– Это мое дело, как я к нему иду, – вспылил он.
– А ты и не идешь, – зло усмехнулась Модун. – Ты заживо похоронил себя Осенью Бури.
Воительница резко повернулась и вышла. Не успела узреть изменений в лице Хорсуна, чему он был рад. Горячая кровь с силой прихлынула к щекам, лицо и уши разгорелись, как у наказанного мальчишки.
– Нарьяна, – позвали непослушные губы.
Слабая тень колыхнулась на ровдужной занавеске в левой половине юрты.
– Нарьяна, – повторил Хорсун и отчаянно прислушался к звукам.
Объяло обманчивое ощущение сна. Неправды, неяви. Безотчетная рука достала меч из ножен. На миг захотелось отречься от настоящего, отказаться от будущего. Отдаться на волю блаженному забытью. Безымянный палец легонько провел по лезвию, надавил сильнее… Багалык смотрел на тонкую струйку крови и медленно приходил в себя.
Модун права. Он не подлинно жив. У его судьбы не только глаза беркута, но и клюв орлиный. Слишком глубоко было позволено запустить в сердце язвящее острие клюва. Сам беспристрастный судия Дилга вложил слова в уста воительницы. Перед лицом Хорсуна изобличено лукавство сегодняшнего его бытия. Не могла любящая жена желать мужу и воину неполноценной жизни. Нет вины Нарьяны в том, что он живет памятью, предпочитая сущему миру уход в воспоминания. Слабовольная душа багалыка выбрала этот путь, потому что… так легче.
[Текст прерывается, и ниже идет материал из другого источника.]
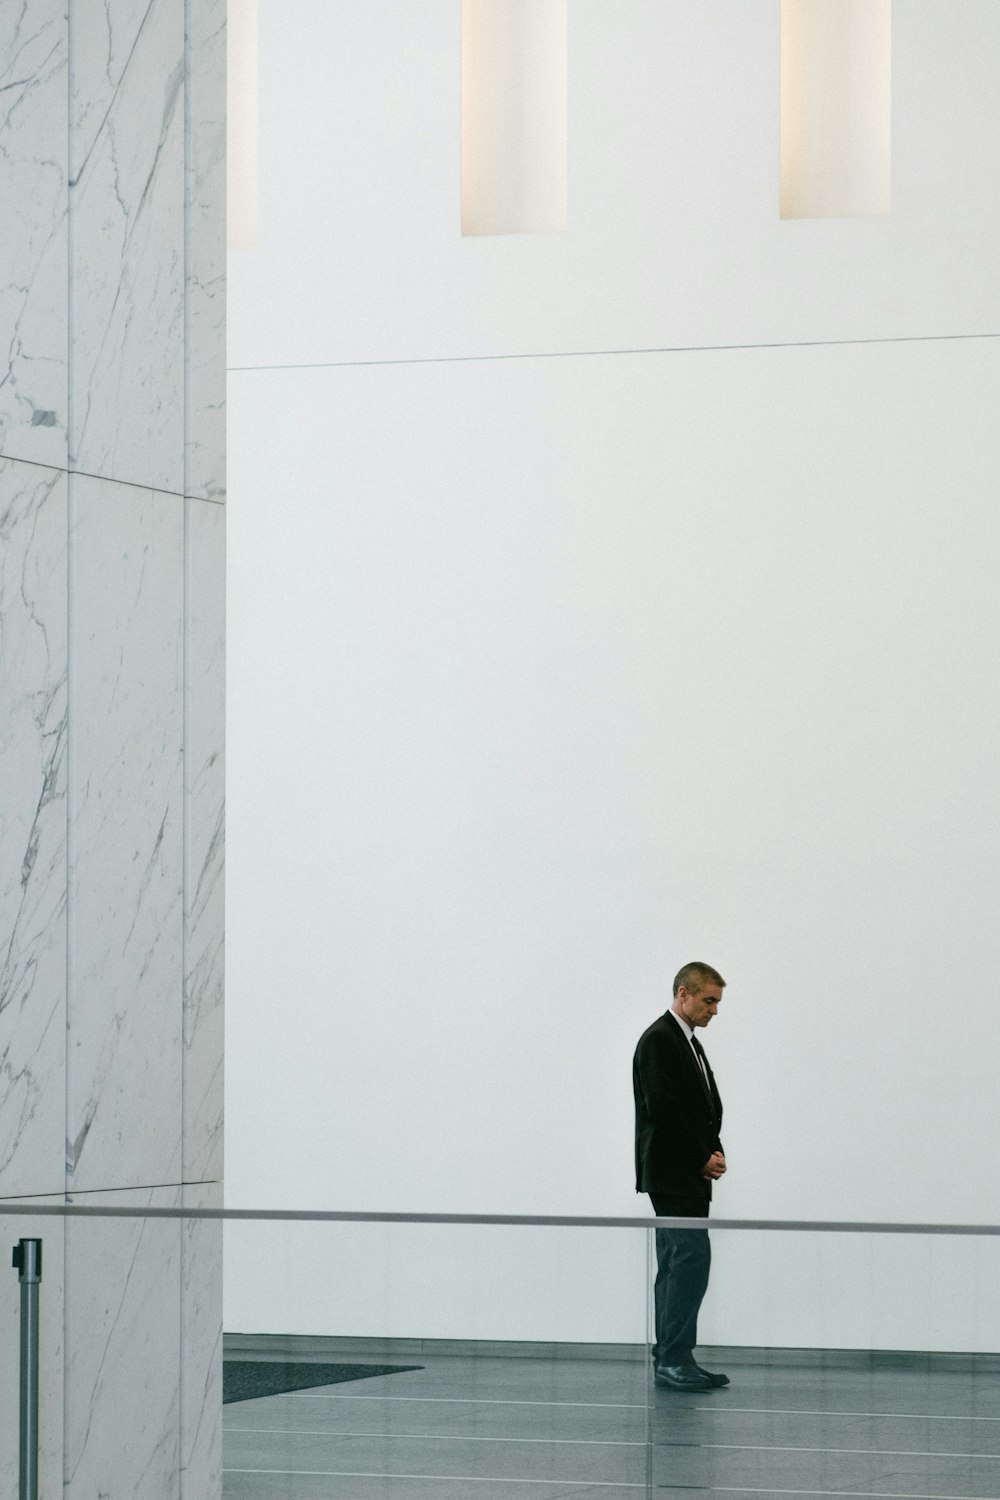 검은 재킷을 입은 남자가 흰 콘크리트 벽 옆에 서 있다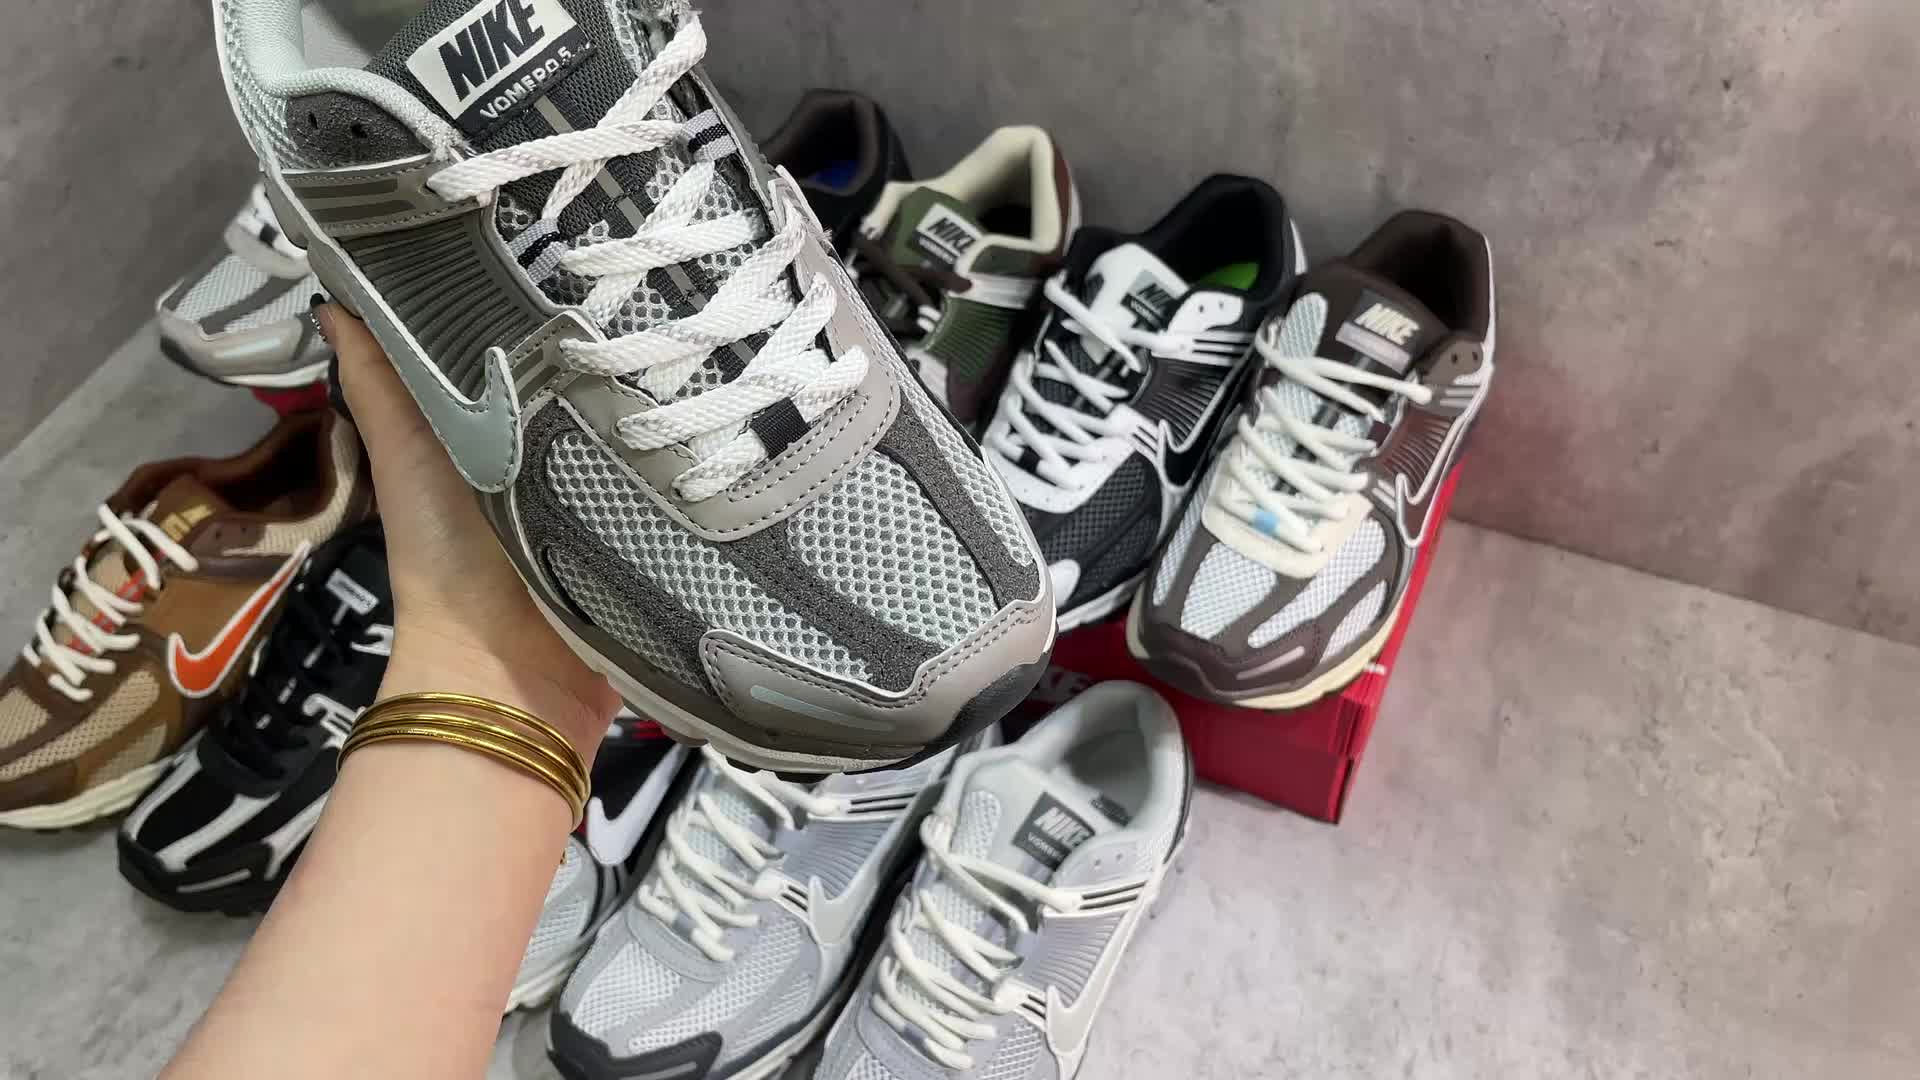 Nike-Men shoes Code: XS6615 $: 75USD

О, зачем Силис, покидая Срединную, доверил ему Элен?! Ему, не способному подчинить мгновенные прихоти воле! Только ли потому, что нрав Хорсуна не извилист и язык не раздвоен? Лучше бы покойный направил свой указующий перст на Сандала. Время явило: главный жрец прав чаще воеводы. Старейшиной должен был стать человек, который действует осмотрительно, а не скоро! Силису ли, искушенному во власти, было не знать, что решения правильных поступков полезнее прямолинейных?
…Но, может, мудрый Силис, одною ногой ступив в инобытие, узрел со стороны начертанье грядущего Элен и багалыка? Или он видел в нем то, что тот сам в себе не видит?..
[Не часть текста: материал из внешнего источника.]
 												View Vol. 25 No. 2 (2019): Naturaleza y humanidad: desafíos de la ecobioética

Всю ночь размышлял Хорсун над словами воительницы.
– Отпусти меня, Нарьяна, – попросил устало под утро и уснул так спокойно, как не спал давно.
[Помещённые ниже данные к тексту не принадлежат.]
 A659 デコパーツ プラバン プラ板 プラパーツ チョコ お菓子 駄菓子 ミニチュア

Известив Модун о своем согласии установить боевую пригодность ребят, багалык немного растерялся, когда она тотчас же отозвалась:
– Идем. Отряд ждет.
Развернулась круто, как вчера, и Хорсун молча пошагал за ней, словно конь на поводу. «Иду не пятясь – вперед, как ты, наставница грядущего!» – говорил с Модун не вслух, улыбаясь глазами.
На поляне за крепостью и Полем Скорби, где вздымались к небу два сросшихся кронами кедра, воеводу впрямь ждал дружный строй новых ратников. Все были одеты в короткие ровдужные кафтаны без опушки и украшений и легкие торбаза. Несколько бойцов в плетенных из конского волоса шапках, остальные без головных уборов.
Хорсун удивился числу желающих пройти Посвящение. Они стояли в два ряда, не меньше пяти с половиной двадцаток человек. На памяти багалыка подобного еще не бывало.
Модун командовала немалым отрядом без тени самодовольства, четко и хладнокровно, будто Илбис на роду заповедал ей повелевать. Подчинялись наставнице беспрекословно и смотрели на нее с немым обожанием. Рослые и плечистые парни во втором ряду почти на голову возвышались над первым. В нем багалык приметил приземистых тонготских ребят из соседнего стойбища. Оно не имело своих сонингов… Ох, не в этой ли учебе крылась причина нынешнего кочеванья тонготов в непременной близости от Элен?
Хорсун пожалел, что не позвал с собой Быгдая и еще кого-нибудь. Вместе стало бы интереснее начальные пробы вести. Поистине изумительного мастерства добилась воительница от мальчишек. Звонким языком стрел рассказывали луки о меткости своих хозяев. Ни одна стрела не улетела за темный столбец на подставке – мишень высотою с человека-мужчину.
«Двадцать двадцаток шагов, – прикинул багалык, – приличное расстояние для желторотых». А мишень отодвигали все дальше и дальше. На макушке ее красовалась изодранная шапка, на прибитой поперек палке болталось рубище старой дохи. «Грудь» с черной пометиной сердца даже издали смотрелась впалой и чахлой. Видно, не одна весна упорных занятий выщепала, изрыла острыми жалами выбоину на столбце.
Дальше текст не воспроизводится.